Bug 195897
Summary: | S3 isn't supported and hangs, mem_sleep should mapped to s2idle by default - Dell Latitude 7275 | ||
---|---|---|---|
Product: | ACPI | Reporter: | Jérôme de Bretagne (jerome.debretagne) |
Component: | Power-Sleep-Wake | Assignee: | Rafael J. Wysocki (rjw) |
Status: | CLOSED CODE_FIX | ||
Severity: | normal | CC: | jerome.debretagne, lenb, rjw, rui.zhang, srinivas.pandruvada, yu.c.chen |
Priority: | P1 | ||
Hardware: | Intel | ||
OS: | Linux | ||
URL: | http://en.community.dell.com/techcenter/os-applications/f/4613/t/20012666 | ||
Kernel Version: | 4.13 4.12 4.11 4.10 4.9 3.16 | Subsystem: | |
Regression: | No | Bisected commit-id: | |
Attachments: |
acpidump for Dell Latitude 7275 with BIOS 1.1.31
dmesg after pm_tracing kernel 4.12-rc2 dmesg on normal boot - kernel 4.12-rc2 output of lspci for Dell Latitude 7275 - kernel 4.12-rc2 acpidump for Dell Latitude 7275 with BIOS 1.1.20 |
Description
Jérôme de Bretagne
2017-05-28 15:36:56 UTC
Created attachment 256749 [details]
acpidump for Dell Latitude 7275 with BIOS 1.1.31
Here is the result of acpidump.
Created attachment 256751 [details]
dmesg after pm_tracing kernel 4.12-rc2
Showing the Magic number section:
[ 2.866144] Magic number: 5:463:177
[ 2.866237] acpi device:0d: hash matches
This run was done with the minimal set of modules loaded , on kernel 4.12-rc2
Created attachment 256753 [details]
dmesg on normal boot - kernel 4.12-rc2
And here is the output of dmesg on a normal boot with kernel 4.12-rc2.
There are quite a few error messages, some ACPI-related :
$ dmesg | grep -i "error\|exception\|warning" | grep -v "load for iwlwifi"
[ 0.068078] ACPI Error: [\_SB_.PCI0.SAT1] Namespace lookup failure, AE_NOT_FOUND (20170303/dswload-210)
[ 0.068093] ACPI Exception: AE_NOT_FOUND, During name lookup/catalog (20170303/psobject-241)
[ 0.068261] ACPI Exception: AE_NOT_FOUND, (SSDT:IdeTable) while loading table (20170303/tbxfload-228)
[ 0.087414] ACPI Error: 1 table load failures, 7 successful (20170303/tbxfload-246)

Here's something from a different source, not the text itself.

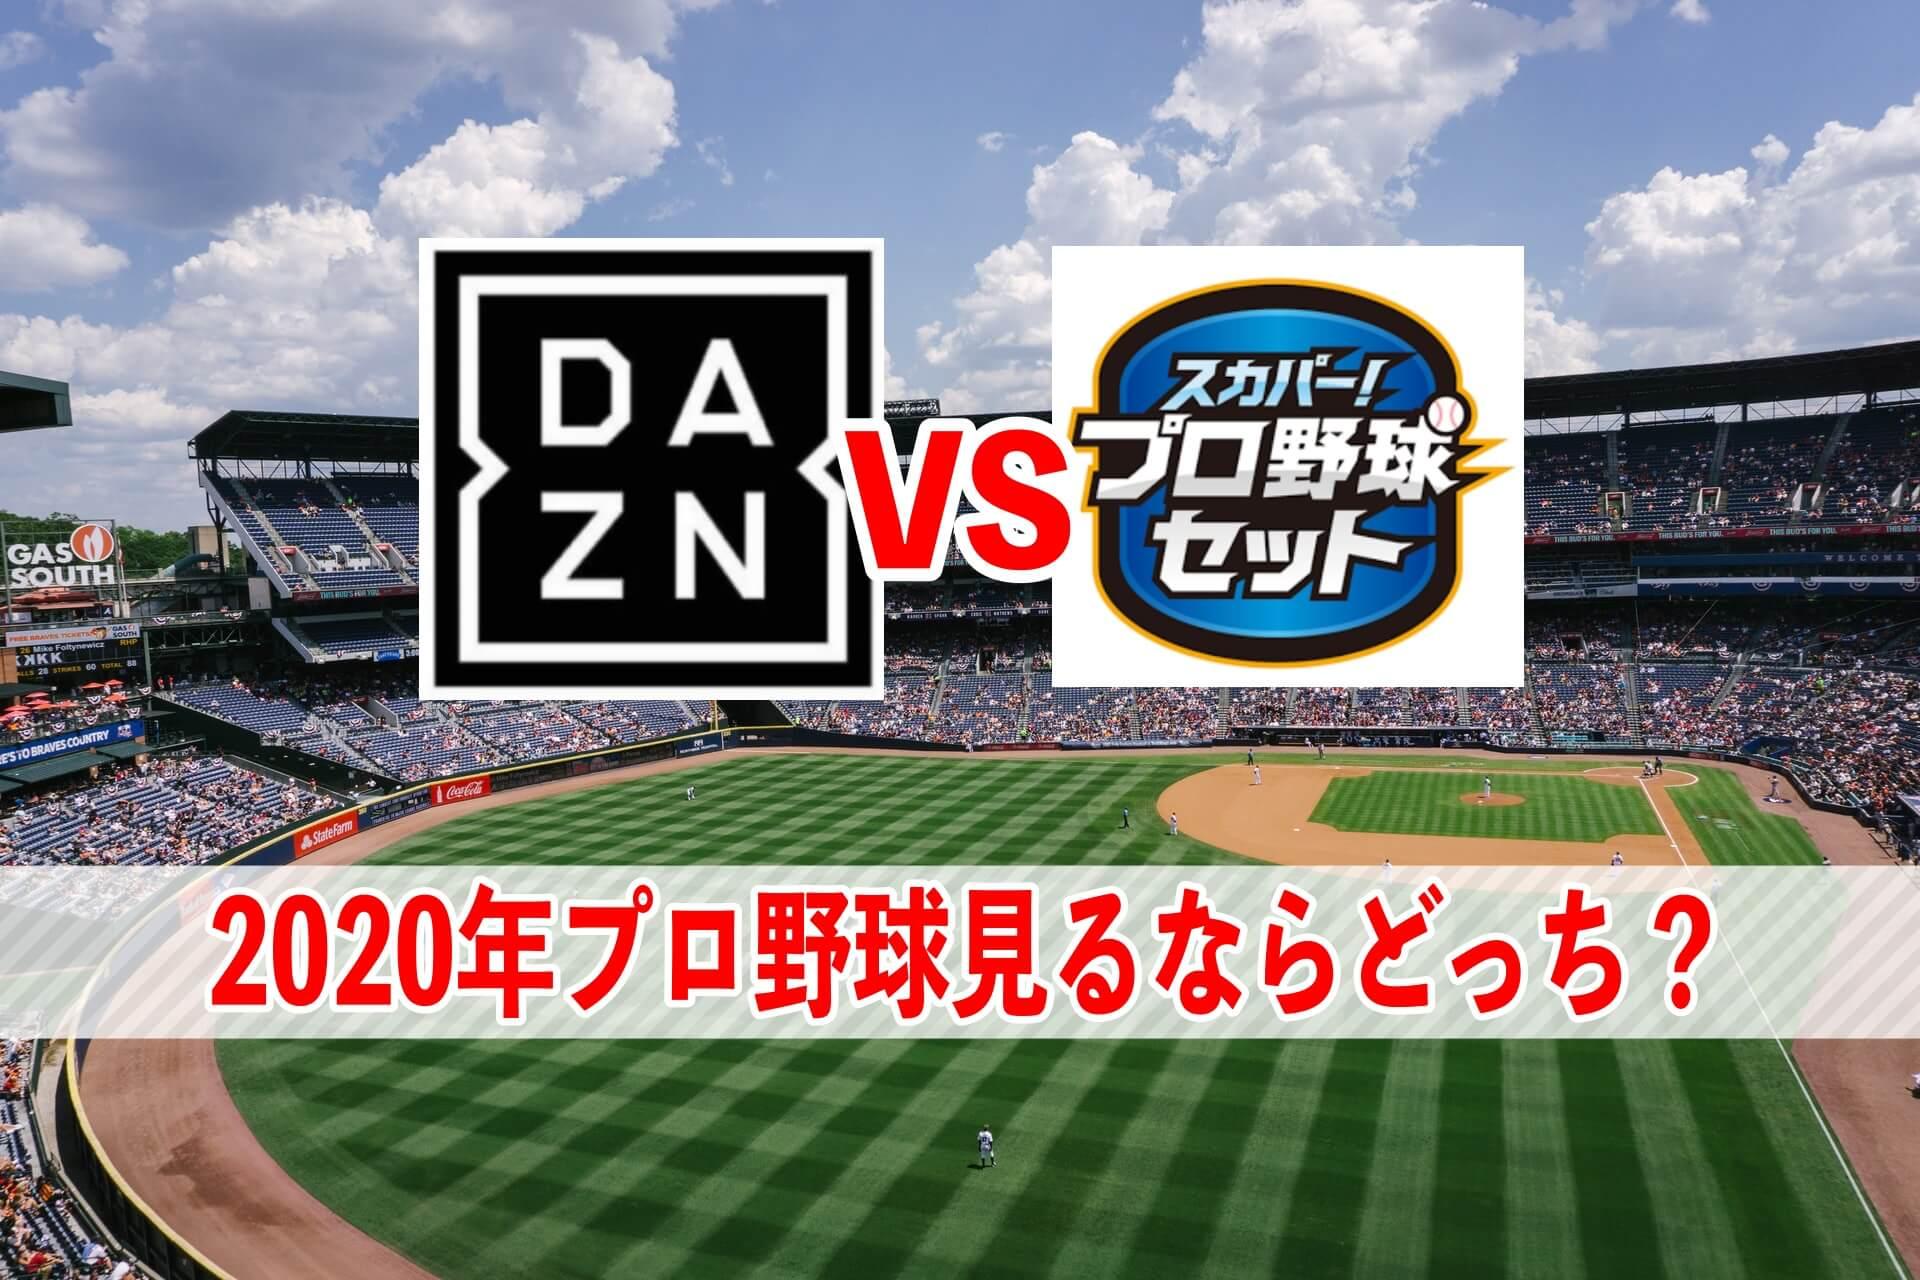 プロ野球(2020年)見るならDAZN?スカパー?【元スポ新聞記者が解説】
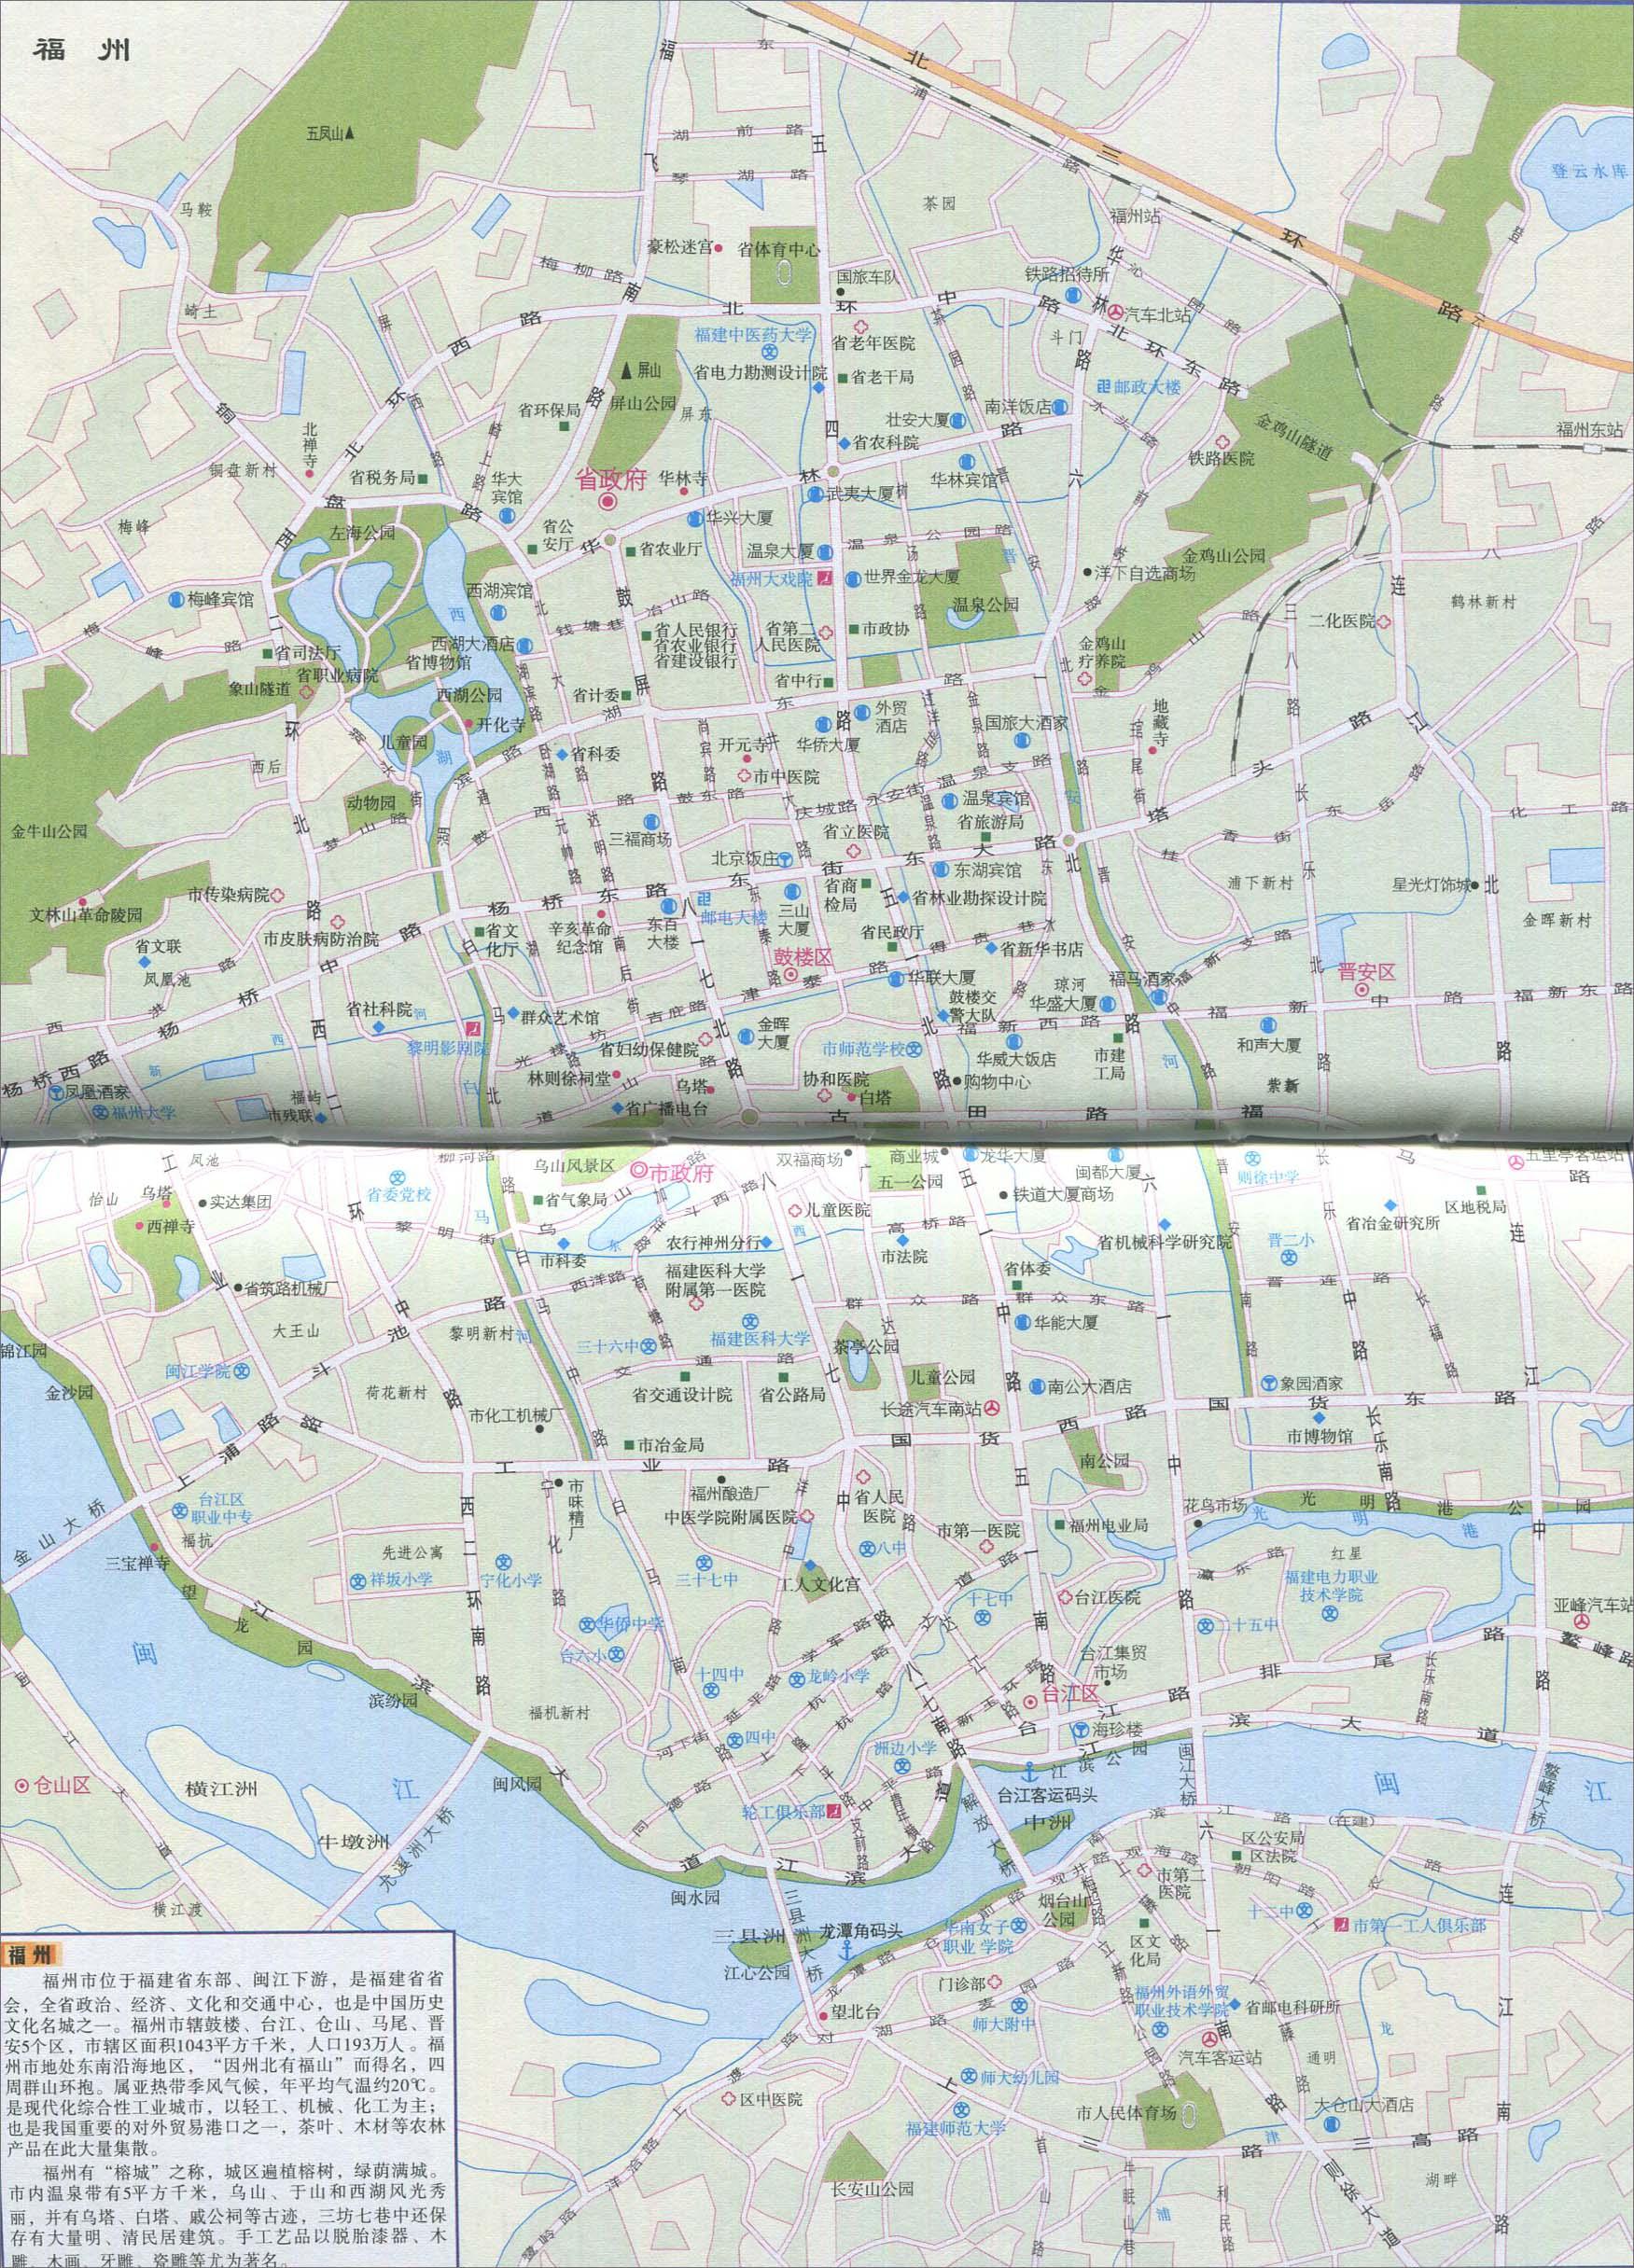 福建福州市区地图_福州城区地图_福建旅游地图库_地图窝

[ 0.585932] acpi PNP0A08:00: _OSC failed (AE_ERROR); disabling ASPM
[ 2.631369] i8042: Warning: Keylock active
[ 4.056735] EXT4-fs (nvme0n1p6): re-mounted. Opts: errors=remount-ro
[ 4.202120] ACPI Warning: SystemMemory range 0x00000000FE028000-0x00000000FE0281FF conflicts with OpRegion 0x00000000FE028000-0x00000000FE028207 (\_SB.PCI0.GEXP.BAR0) (20170303/utaddress-247)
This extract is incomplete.